• _The task_
Please retype the listing exactly as it appears, skipping each picture.

• _Data section_
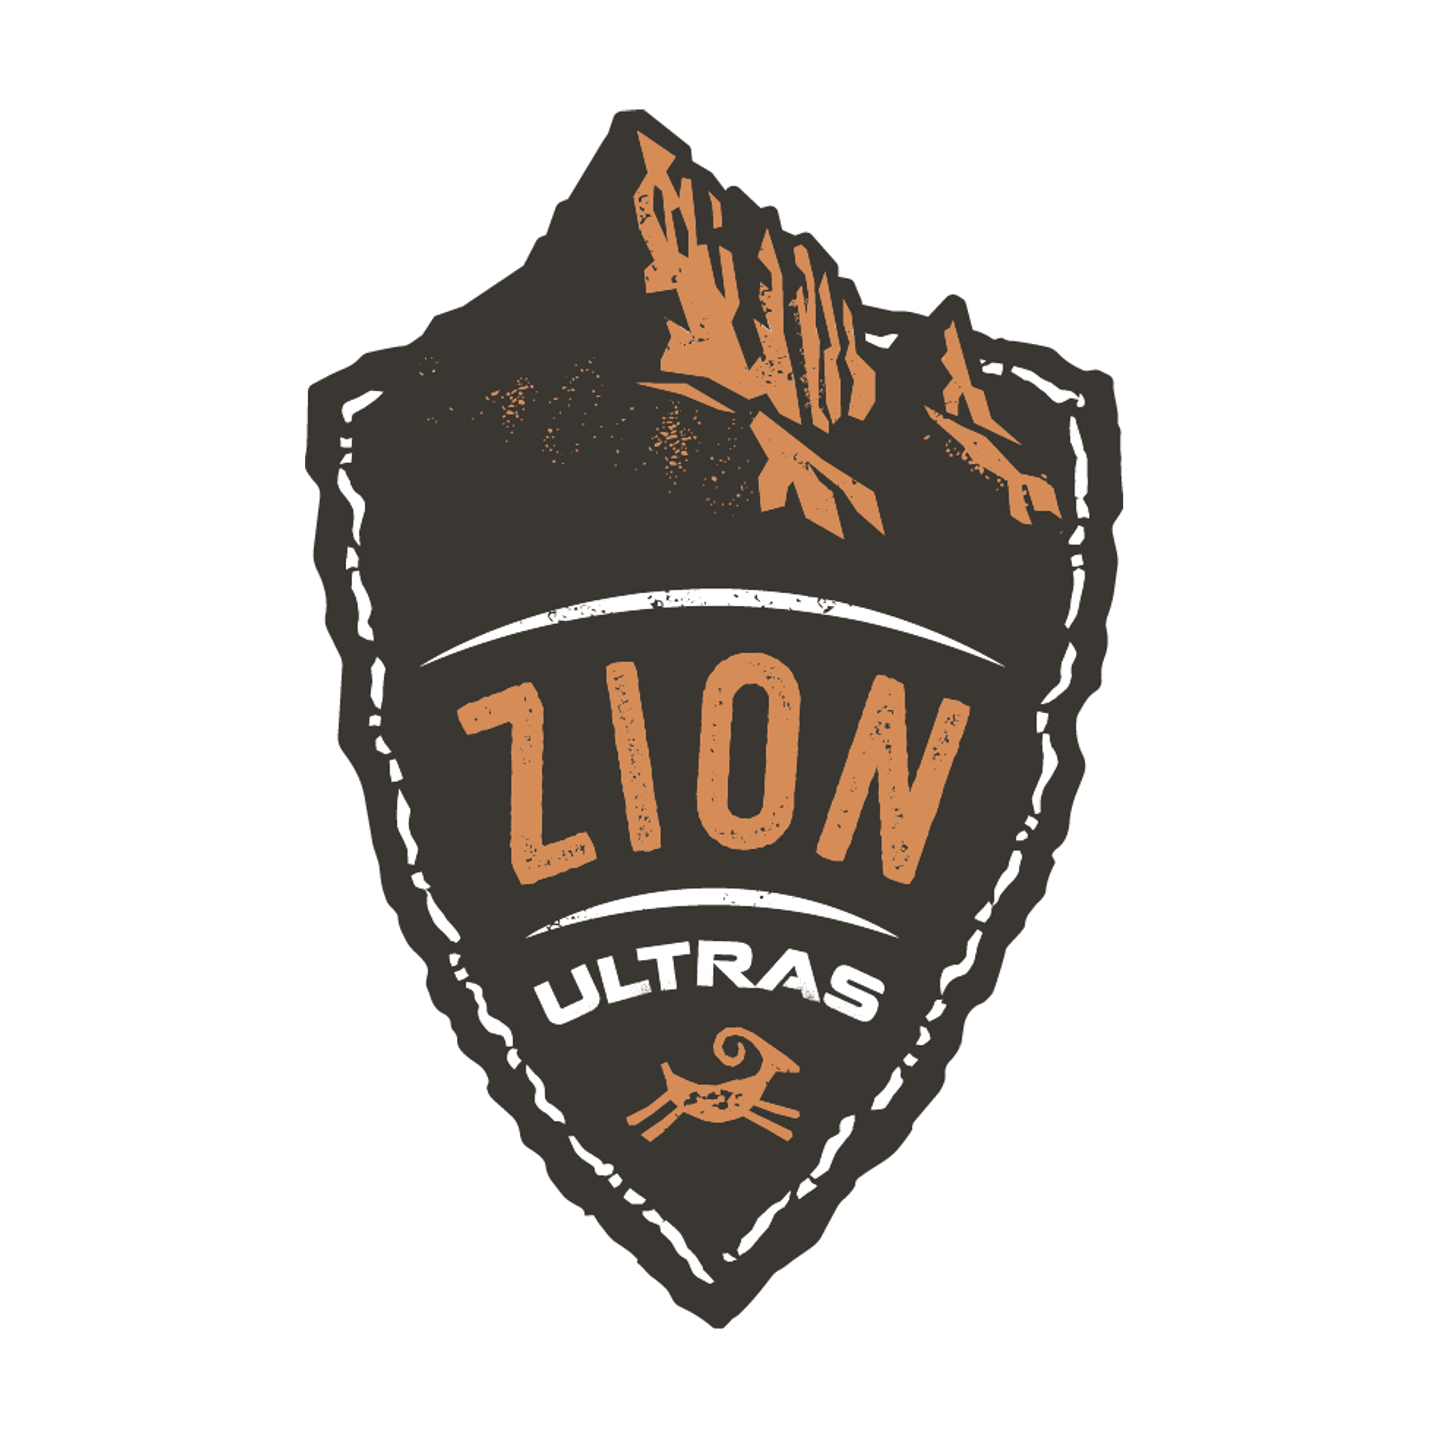 Logo-Zion Ultra Marathons
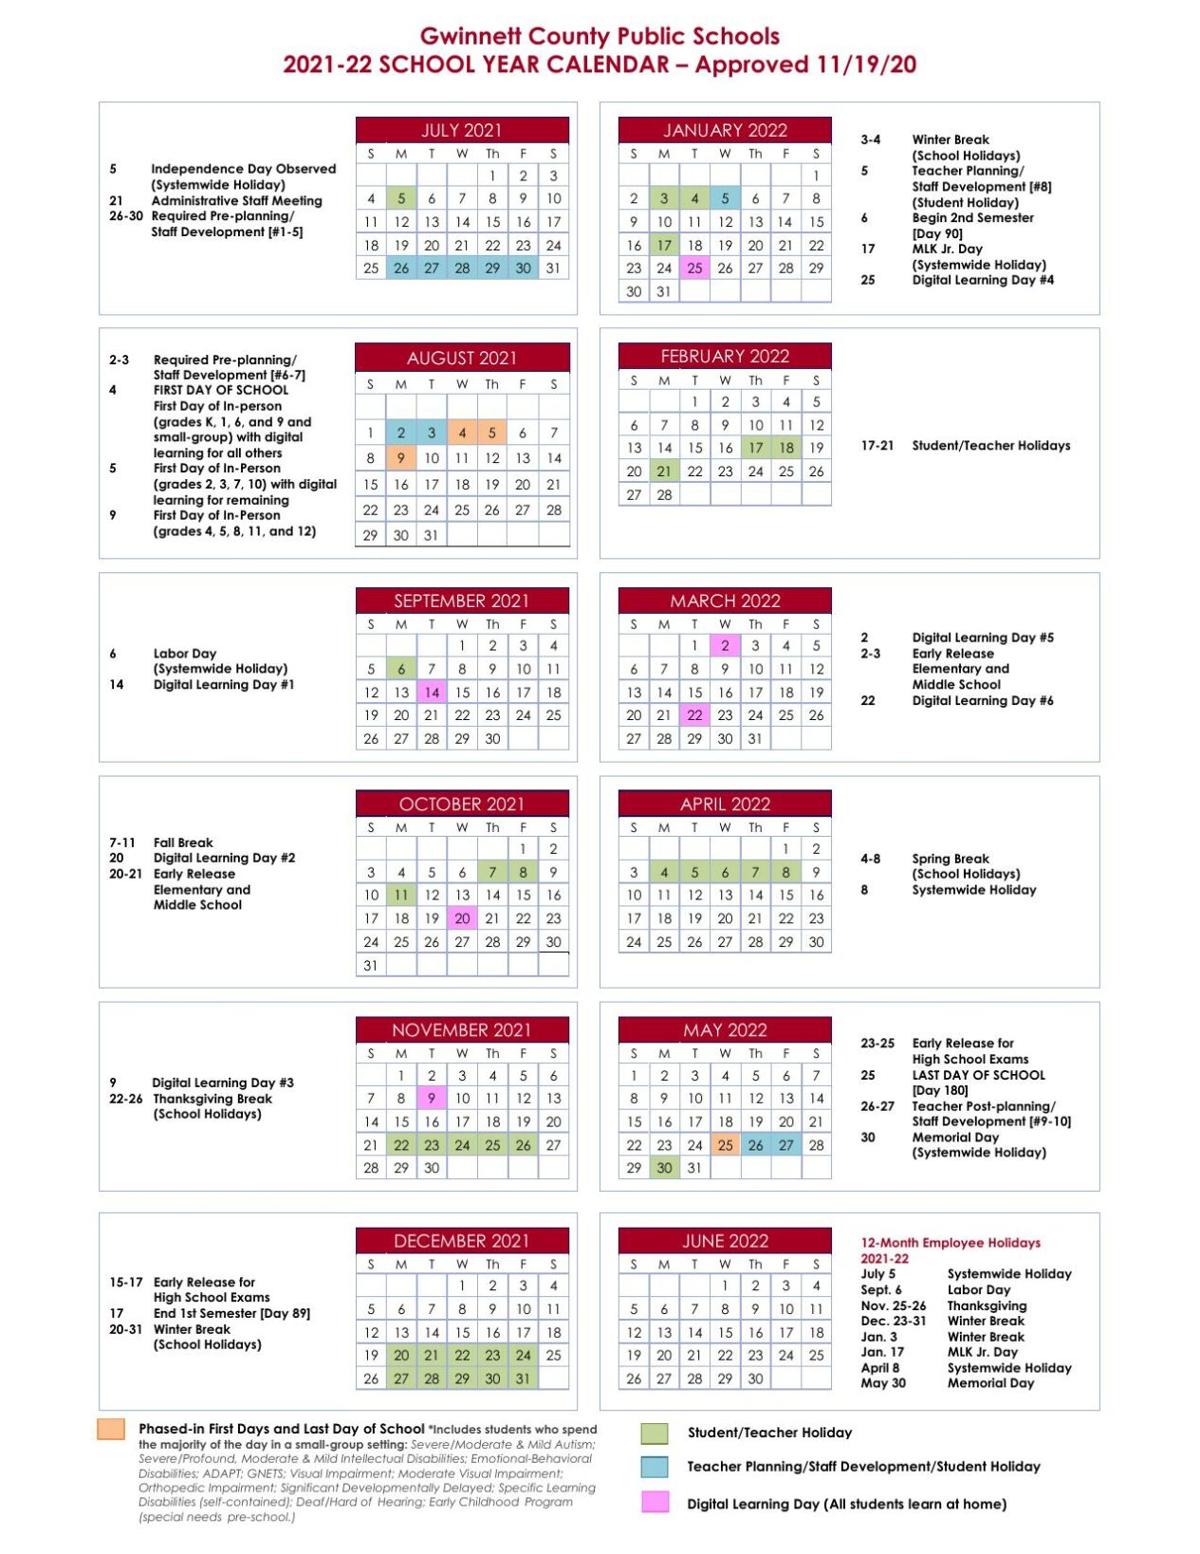 Georgia Tech Spring 2022 Calendar Gwinnett County Public Schools' 2021-2022 School Year Calendar | |  Gwinnettdailypost.com
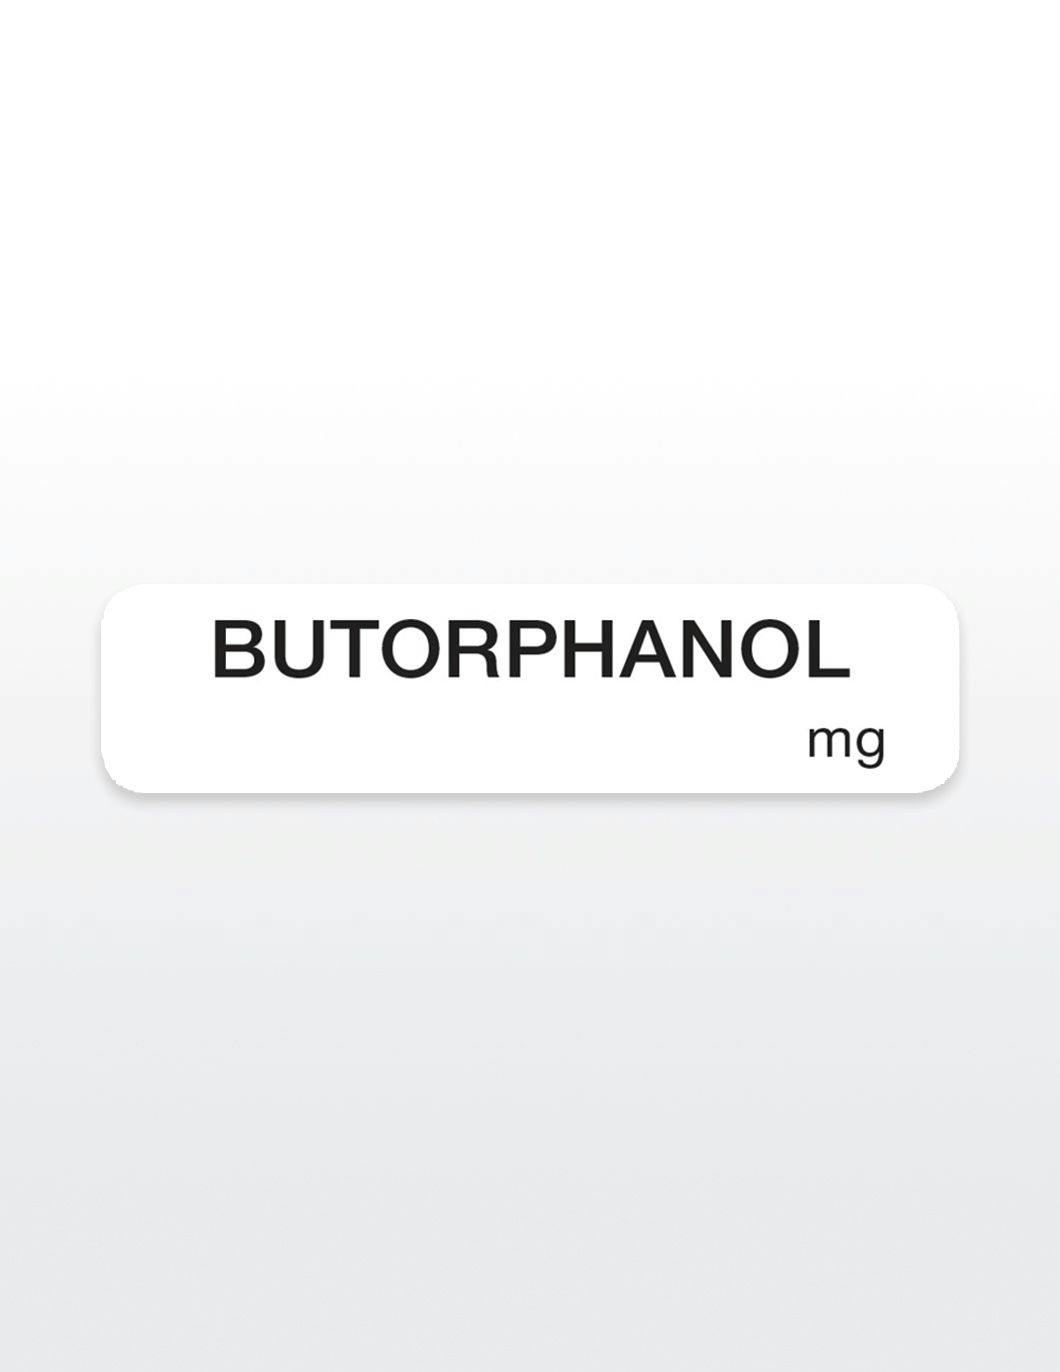 butorphanol-drug-syringe-stickers

• _Result of the task_
 Logo-Zion Ultra Marathons
 Georgia Tech Spring 2022 Calendar Gwinnett County Public Schools' 2021-2022 School Year Calendar | |  Gwinnettdailypost.com
 butorphanol-drug-syringe-stickers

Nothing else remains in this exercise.